Another upscale Latin-focused restaurant joins El Che Bar and Boleo in this year’s buzziest trend, this one with a dedicated rum element. Ronero opens Tuesday on Randolph Row, and along with Caribbean-inspired eats from executive chef Cory Morris (Mercat a la Planxa, Rural Society), guests can get a taste of Havana nights at an exclusive upstairs speakeasy.
The project comes from Nils Westlind, who spent much of his childhood in Colombia with his parents who were international social workers. His love for rum, the first alcoholic beverage he tried at a quinceanera,inspired the concept, as did his childhood explorations in South America.
The menu, from the chef who also appeared on “Chopped,” borrows from Colombian, Argentinian, Brazilian and other Latin American cuisines. Divided into three sections, the starters portion features baked empanadas ($11), Peruvian-style ceviche ($16) and hearts of palm salad ($15). The entree section of meats, birds, fish and vegetables includes dorado mahi-mahi with gallo pinto, shishito peppers and Salsa Lizano, a Costa Rican table condiment ($26), and a hamburger based on a torta Cubana topped with chorizo marmalade and shoestring potatoes on a potato roll served with yucca fries ($18). The main menu attraction, "el gran show," offers shared portions for two to four with a tableside spectacle element, including pescado frito, a whole fried red snapper atop coconut-cola rice and fried plantain ($45) that’s carved tableside, and puerco en pachamanca, pork shoulder cooked in banana leaf to mimic Peruvian ground cooking ($52).
With ornate wall tiles from Nicaragua and white-washed brick, the decor combines rustic elements of old world Havana and art deco accents of rum-running during Prohibition, including brass panels and chandelier light fixtures.

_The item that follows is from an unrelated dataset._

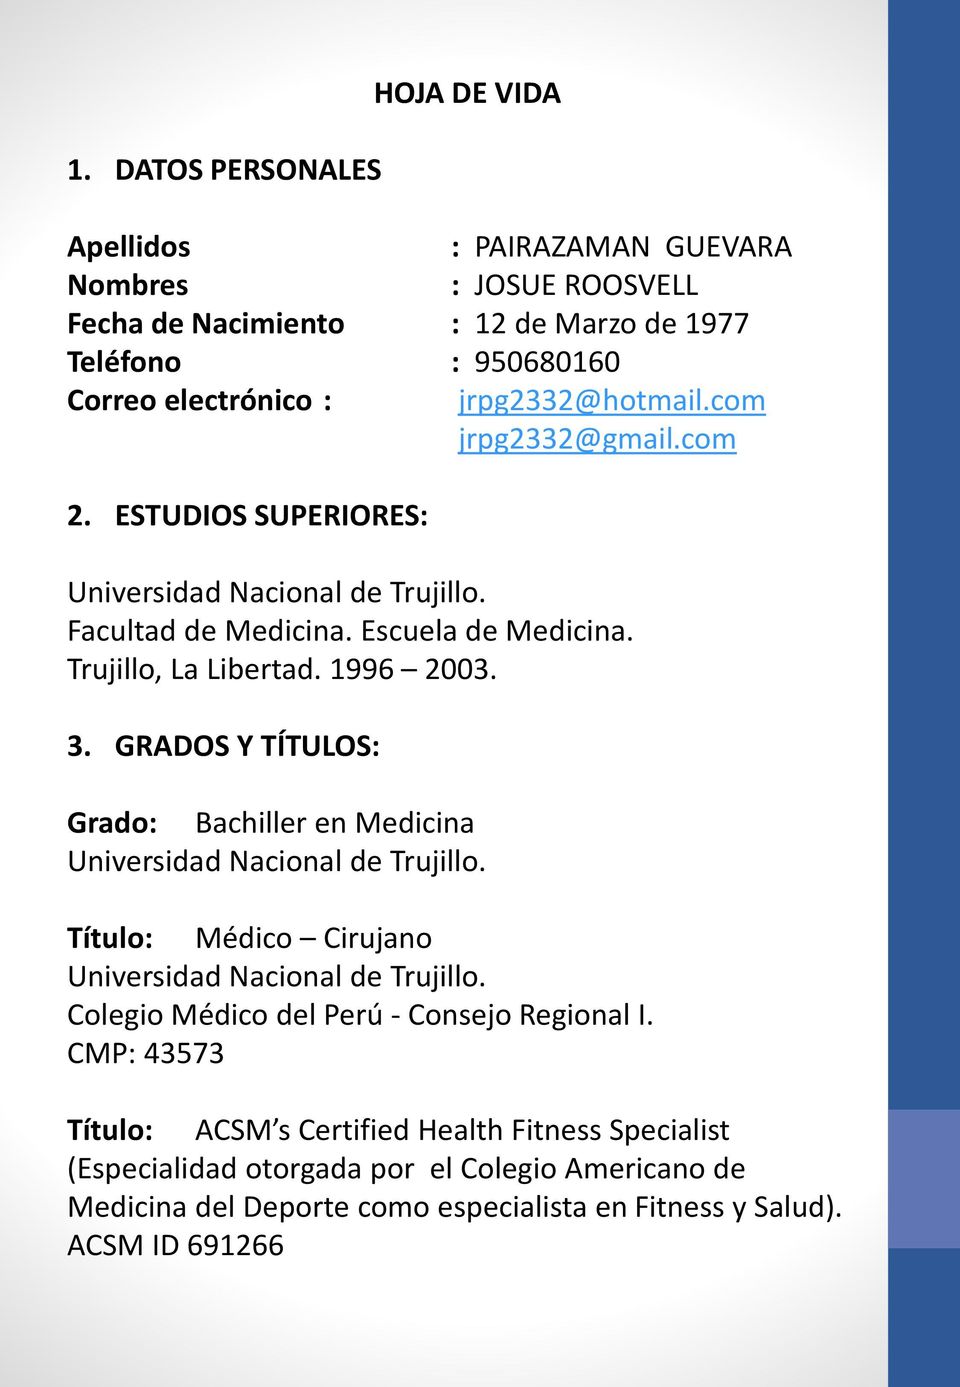 GRADOS Y TÍTULOS: Grado: Bachiller en Medicina Universidad Nacional de Trujillo. Título: Médico Cirujano Universidad Nacional de Trujillo.

The marble-top bar, built with hand-carved wooden medallions composed of 258 individual pieces, features South American-influenced cocktails curated by beverage director and partner Allie Kim (Momotaro, Maple & Ash).
Named for a master rum distiller, or maestro ronero, the main dining room in the back will feature portraits of maestro roneros hanging over green velvet booths. Rum is prevalent at Ronero, and the restaurant even features an upstairs speakeasy-style bar dedicated to it. Westlind’s past projects include club venues, such as Parliament, and the upstairs bar features tableside cocktail service, his answer to bottle service, available by reservation.
A wall of rum barrels serves as the entrance, which Westlind said is inspired by Castillo San Felipe de Barajas, an enormous fortress in Cartagena, Colombia. As a kid, Westlind—nicknamed “gringo loco” by the locals—ran around the castle scaring tourists. The West Loop space was built with skylights that nod to open-air aesthetics in South America. Rum was the first alcoholic beverage he tasted, and he wanted to offer an exclusive experience of large-format cocktailing served in vintage bar vessels while bands and DJs play Buena Vista Social Club music and “Colombia Boat Party” jams, Westlind said. Open Thursday through Saturday, guests can reserve tables in the upstairs lounge for four to six people, and prices will range from $300–$500 per table.
The cocktails honor Latin American traditions while introducing current cocktail culture in South America, Westlind said. Kim’s cocktail menu ($9-$13), which is also available at the downstairs bar, focuses on rums in Latin American staples, including a Hotel Nacional and Hemingway Daiquiri. Her original creations highlight offbeat spirits and ingredients, such as the Mama Pacha with gin, singani (Bolivian brandy), allspice liqueur, Peruvian corn punch and lemon juice.
Westlind’s goal is to curate an expansive collection of dark aged rum that “helps tell the story” of the Latin American spirit. The upstairs will also feature a private dining room with a members club, where guests can taste rare vintage rums and other spirits, such as cognac and scotch.